I think I have just lost my inheritance. I know we shouldn't expect anything etc and its completely the person's choice etc and there's nothing I can do about it..
My mum's phoned to say that my dad (they divorced a long time ago) has decided not to pass on any of grandpa's inheritance to us (he recently died leaving a fair amount.) That's his choice, and mum said "oh but they'll inherit when you die so all works out." Or something like that.
We had a truly shit childhood. My dad wouldn't spend a penny on me and I was given hand me down uniform from school etc as he didn't buy the basics. He wasn't quite right after my parents divorced and I think he resented me living there. Anyway I thought he just didnt have money when I was a teenager. I never went out or did normal teen things.

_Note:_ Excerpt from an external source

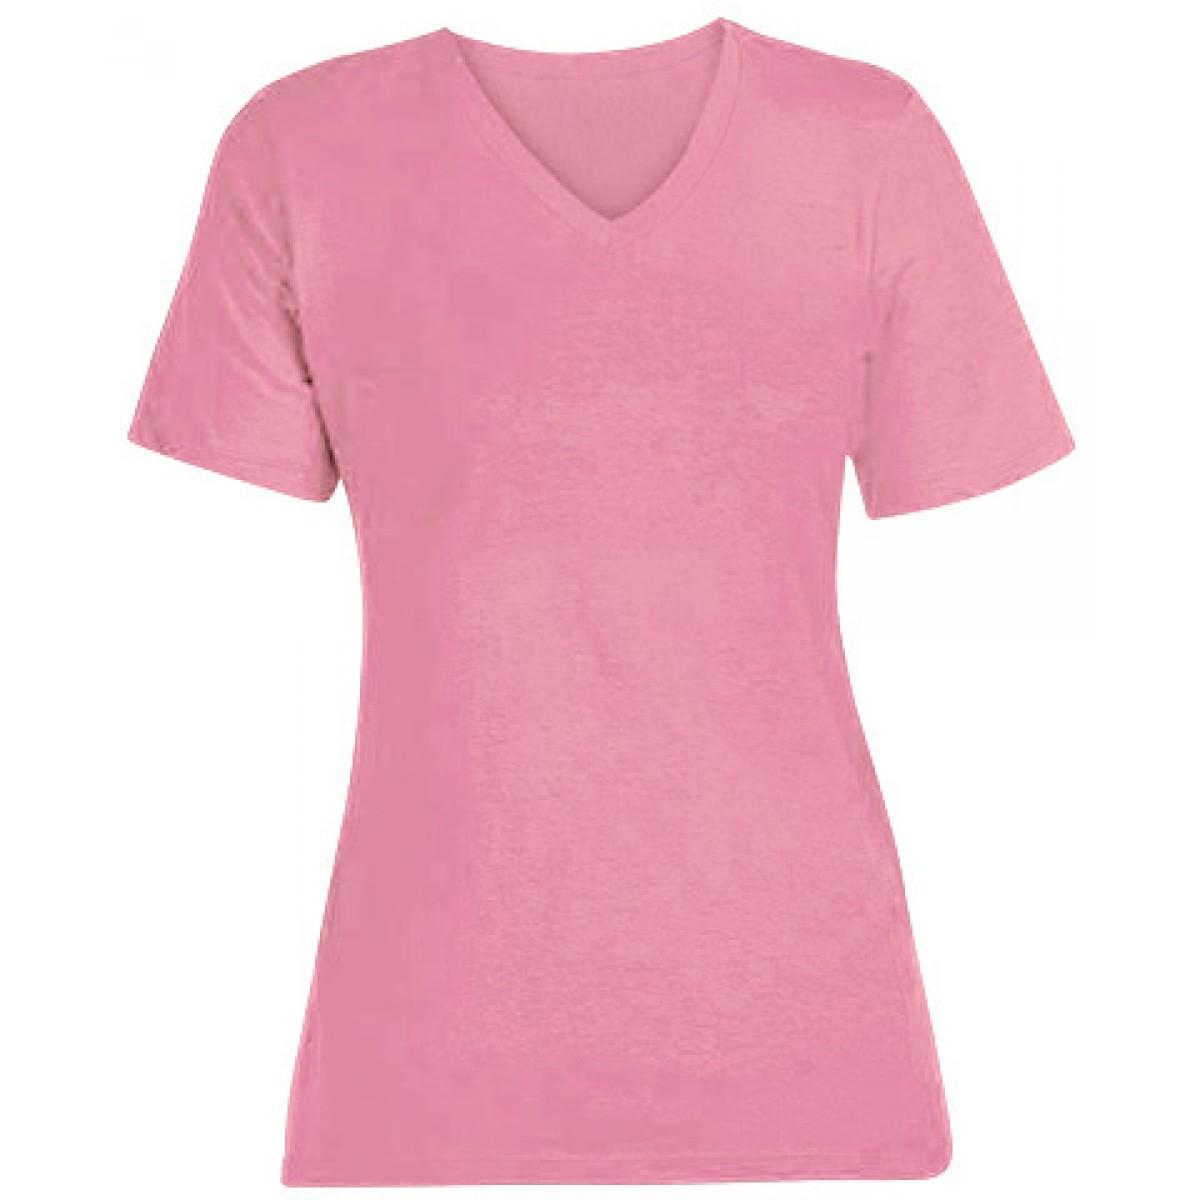 Econscious Ladies Short-Sleeve V-Neck-Pink-M

It turns out he was saving/investing and now has an amazing pension, he regularly flies abroad, skiis twice a year, eats out at posh dinners etc, has very nice cars. Such is life.

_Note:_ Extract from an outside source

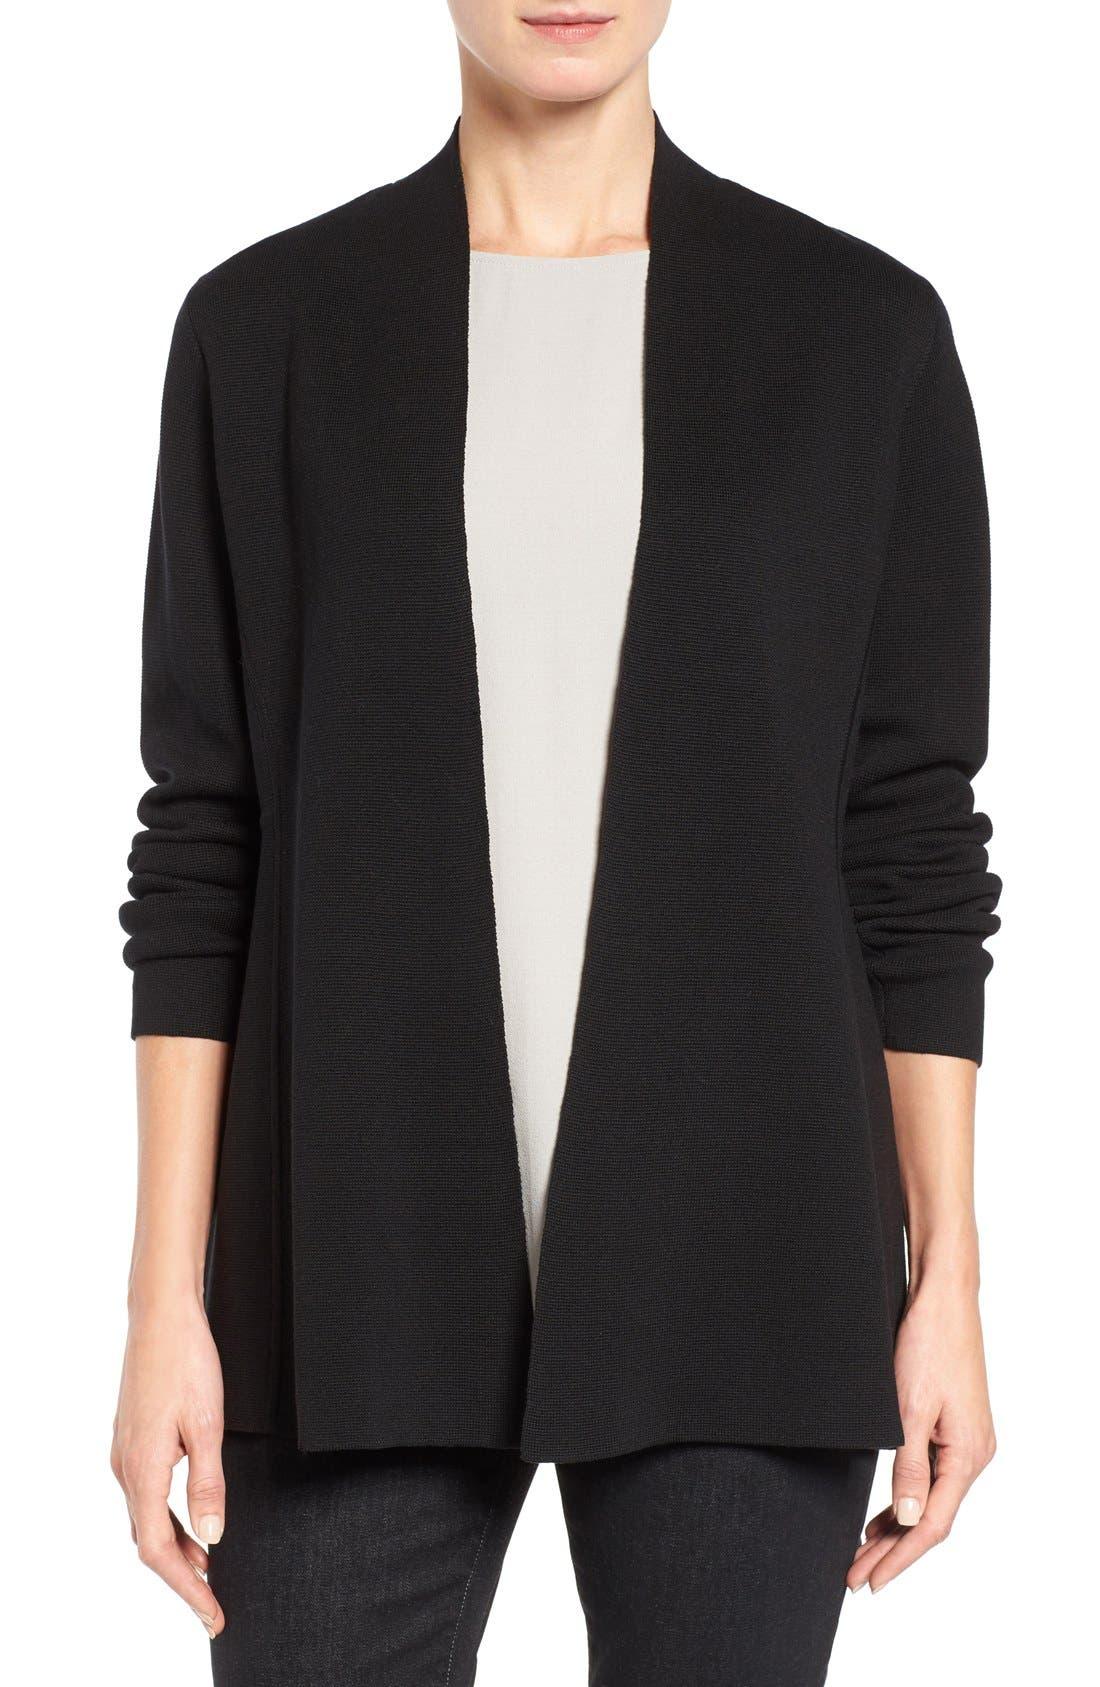 Eileen Fisher Silk & Organic Cotton Cardigan (Nordstrom Exclusive)

He has remarried recently and I was led to believe his house would be shared between my sister and myself if he died, and her house between her 2 children.

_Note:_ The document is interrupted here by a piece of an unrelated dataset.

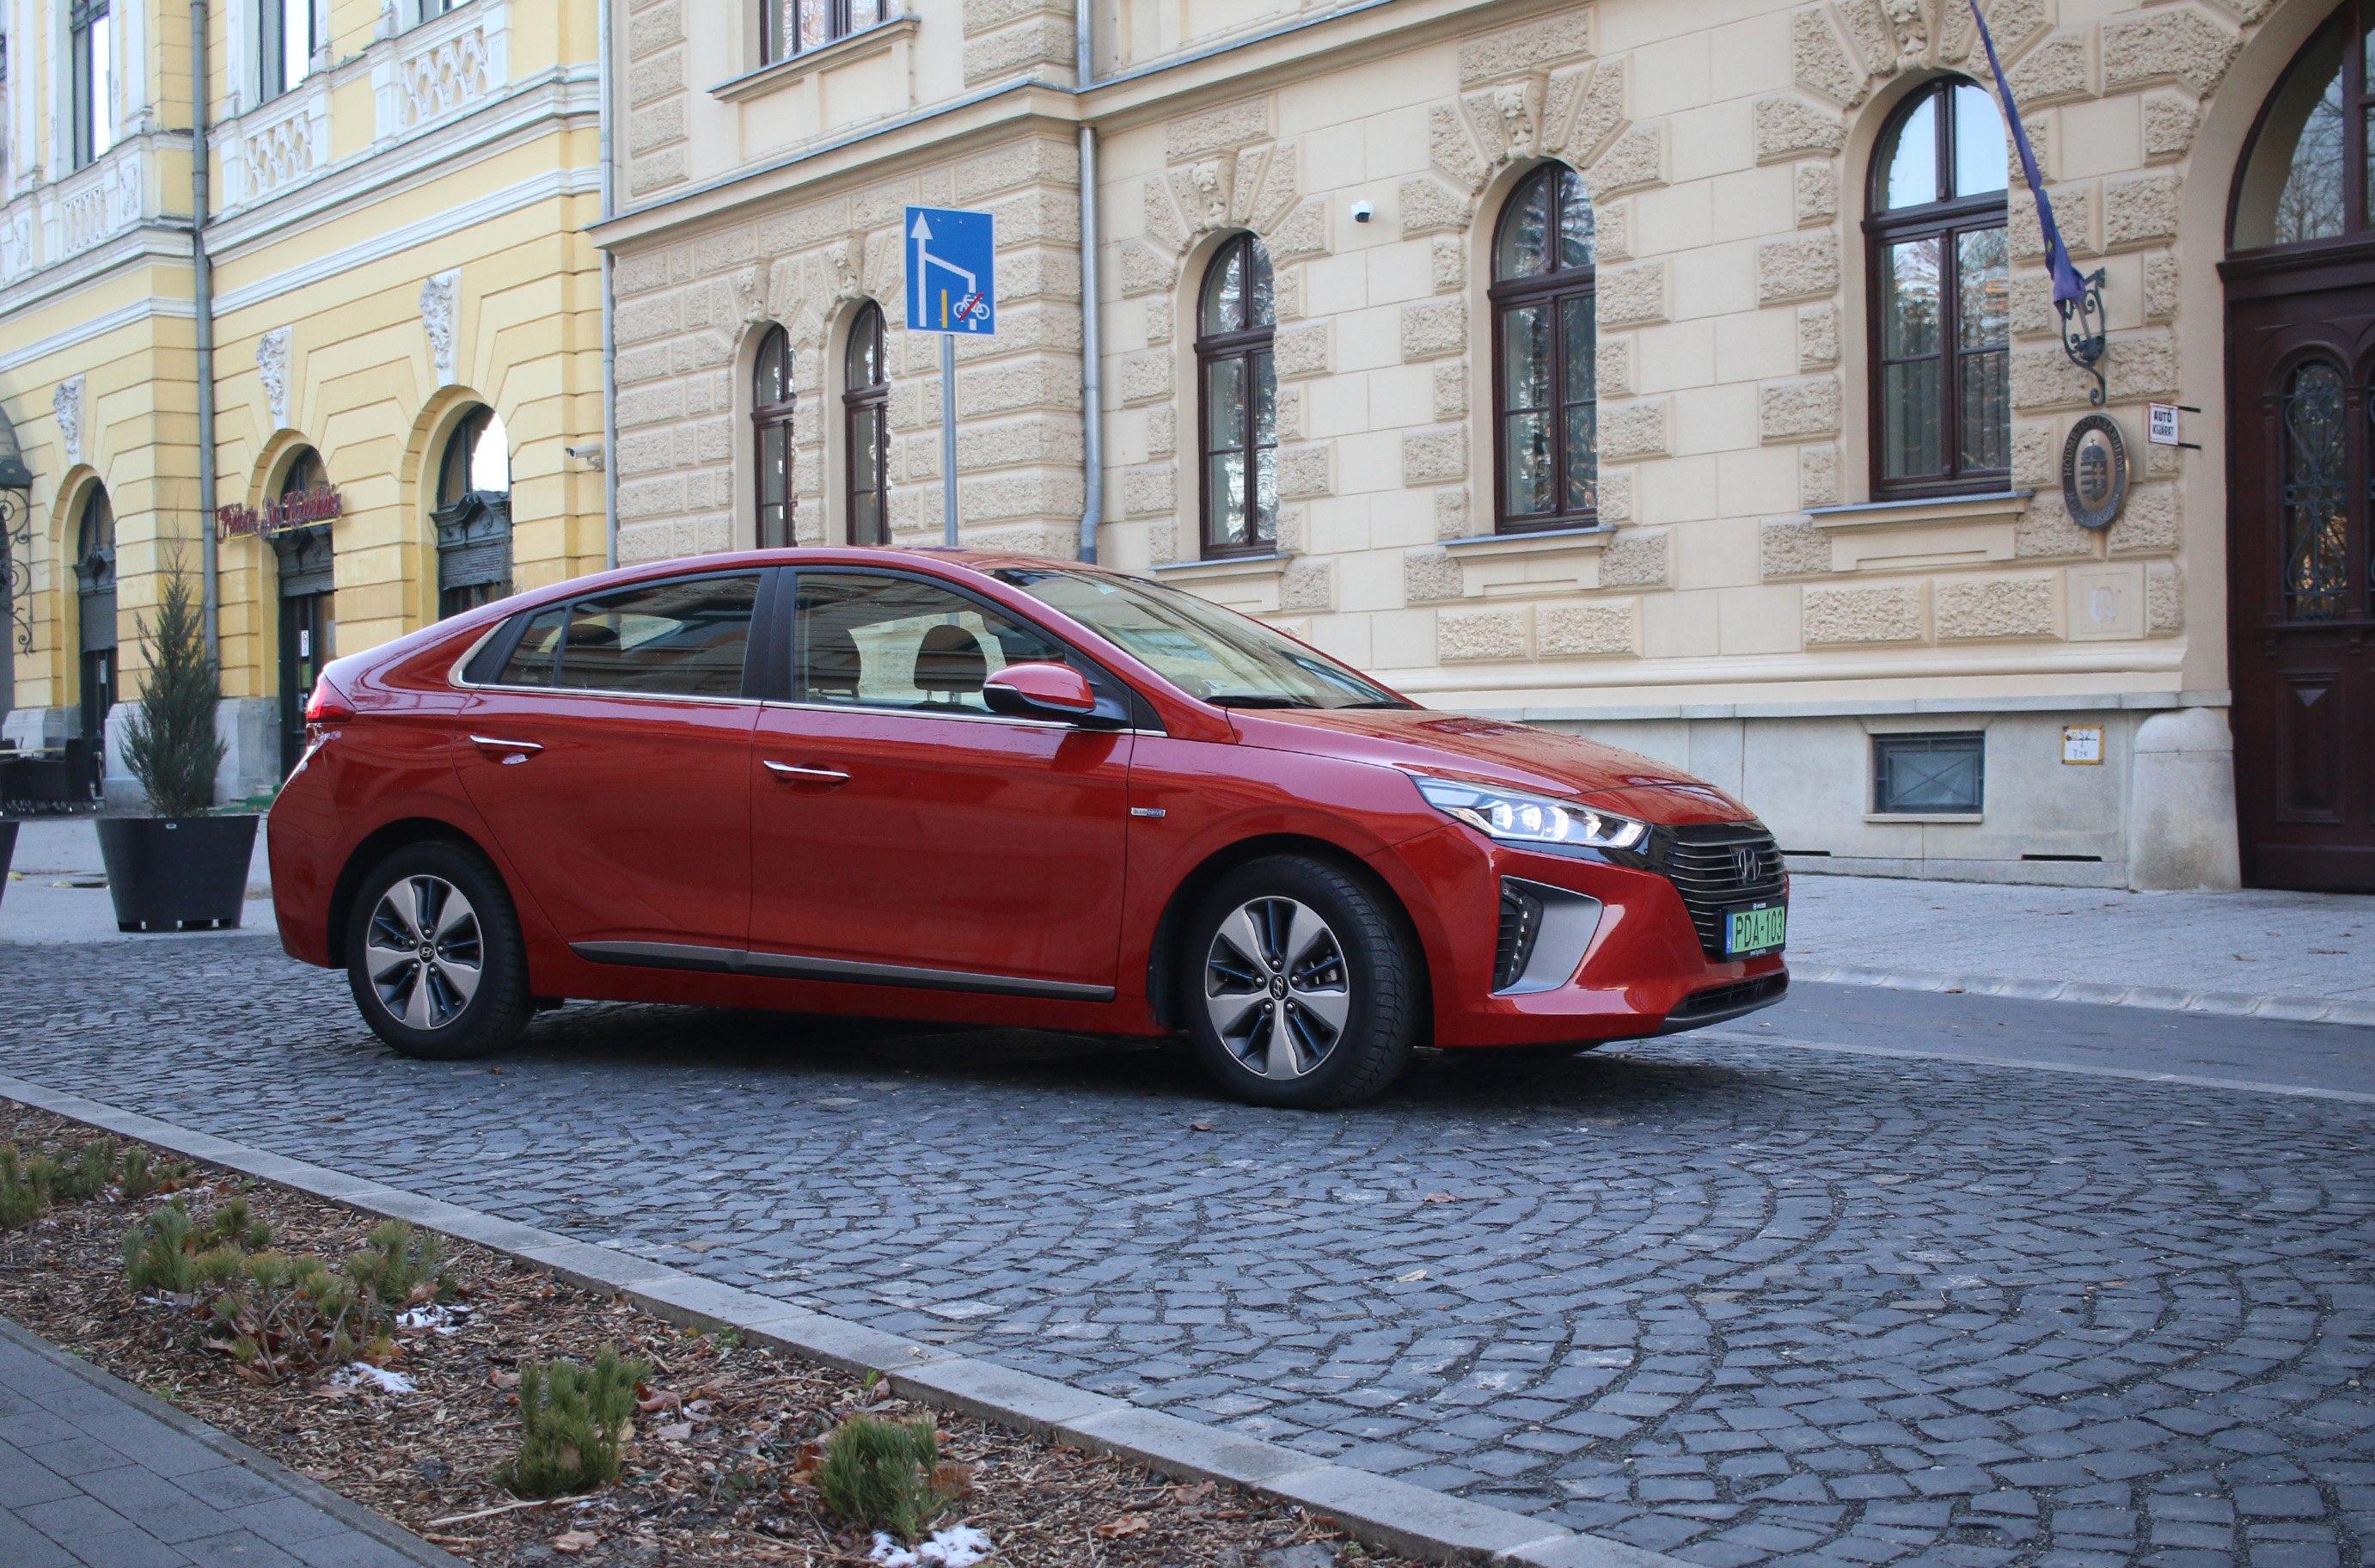 Hyundai_IONIQ_PHEV_test_3_zoldautok

Mum says his plan is he thinks he will go first and will leave it all to his new wife ("she has standards of living to maintain") and then when she goes it will be split 4 ways. Well. That's never going to happen is it?! We hardly know her, she isn't going to leave 1/4 of her will to us...
I think he probably thinks it will all work out and mean she is kept in her wealth and rental income etc while she is alive..... but it wont will it?
My mum is living on benefits in council housing... and my sister and I are okay but below average earners. Its a real kick in the teeth as he wasnt a great dad but I did kind of think well at least he will leave us money.... that isn't going to happen is it?!